With his open contempt for Russian society – exemplified in his mocking response to widespread demonstrations – as well as his arrogance, readiness to stifle dissent, and fear of competition, Putin has singlehandedly quashed the long-held myth that he himself propagated: personalized power can modernize the country while preserving stability.
To be sure, Putin’s Kremlin – and his corrupt cohorts – still calls the shots. And, while his decision to return to the presidency has vexed the most dynamic elements of Russia’s urban population, the rest of the country’s citizens remain unhappy but quiescent. Likewise, Russia’s demoralized intellectuals and political class, on whom the population relies to advocate change, neglect to act. The global rise in oil prices, endemic fear of change, lack of a viable alternative, and reliance on state hand-outs are keeping Russia in a state of inertia.
Moreover, Putin’s Kremlin has used the West – eager for engagement and a policy “reset” with Russia – to legitimize its authoritarian rule and to provide opportunities for its venal cronies’ integration into Western society. Indeed, by using the West to launder their dirty money, Putin and his cohorts have, in a way, avenged the Soviet Union’s collapse by undermining the West’s principles and discrediting liberal democracy in the eyes of the Russian population.
But cracks are forming in Russian society, threatening the status quo. And it is not the opposition or a popular rebellion that are beginning to destabilize Putin’s regime, but the very forces that have helped to keep it afloat.
After waiting 12 years for change from the top, Russians finally understand that their political system can be transformed only from the bottom – through popular revolution. In the absence of institutional channels for expression of their grievances over the corrupt concessions that have preserved the ruling elite’s power, they must take to the streets.
But the question remains: Will Russia this time escape its traditional final act, in which the new regime turns out to be more predatory than the previous one? Or will Russians find a way to pursue peaceful revolution?
Today, the Kremlin is contributing to its own violent demise, intentionally demoralizing Russian society. It discredits liberalism by employing liberal rhetoric and appointing liberal leaders to administer its authoritarian rule, leaving political opposition to leftist parties and nationalists.
And Putin’s return to the Stalinist practice of sending police to search opponents’ homes, combined with his attempts to ignite hostility between social groups – for example, between provincial Russia and the urban middle class – is deepening antagonism and distrust among citizens. In this way, Putin’s regime intensifies political dissenters’ longing for retaliation – thereby hindering peaceful change.

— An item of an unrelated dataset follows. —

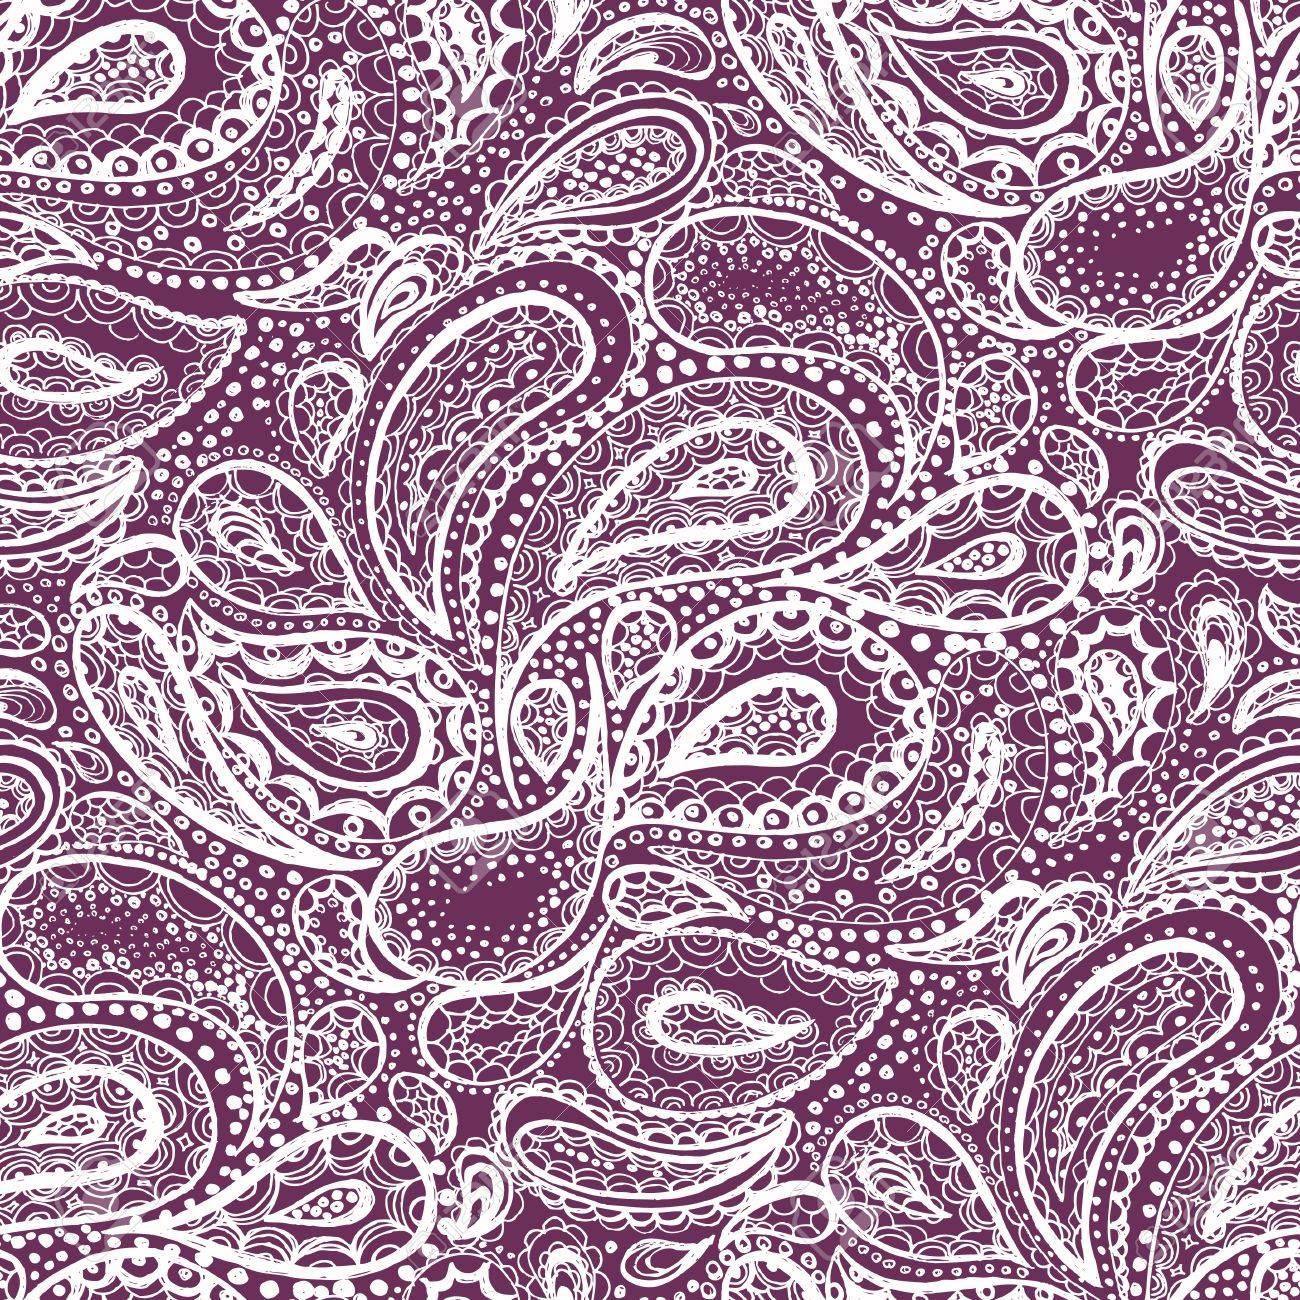 Mehndi ethnic tattoo henna zentangle doodle elements. Wallpaper textile seamless pattern Stock Photo - 52450116

Already, longstanding tensions have begun to boil over; tens of thousands of people have taken to the streets since Putin’s 2011 announcement that he would reclaim the presidency. His return to the Kremlin has incited some of the largest protests that Moscow has seen since the 1990’s. And, while popular demonstrations have diminished – largely as a result of draconian new anti-protest laws – the more conflict accumulates beneath the surface, the more devastating the eventual explosion will be.
By censoring the media, discrediting moderate opposition, and provoking popular discontent, Putin is playing with fire. It is impossible to predict when Russia will detonate, but the system’s fissures are undeniable – and growing.
The Kremlin, far from being able to control the situation, does not fully grasp what is happening. Russia is moving toward precipice. Massive capital flight and efforts by Kremlin cronies to engineer a safe landing for themselves in the West show that, even in the eyes of Putin’s cohorts, the end of his époque is approaching.
Yet Putin’s Kremlin continues to work tirelessly to prevent the formation of a strong opposition – increasing the risk that the regime will collapse without a viable alternative. The longer Putin remains in power, the more devastating his regime’s final act will be.
Both Russia and the West must begin to plan ahead. Regrettably, Russia’s awakening corresponds with the beginning of the West’s seeming decline. Still, rather than remaining complicit in Putin’s corrupt regime, the West must help the Russian people to seek their new destiny.
And Russia’s citizens must not give up hope. Putin’s return to the Kremlin, although painful, could end up curtailing their agony by triggering the regime’s destruction. When the choice is between an outdated system’s implosion and its slow degradation, a swift, clean break typically offers better prospects for a new start.
Lilia Shevtsova is Senior Associate of the Carnegie Endowment for International Peace in Moscow.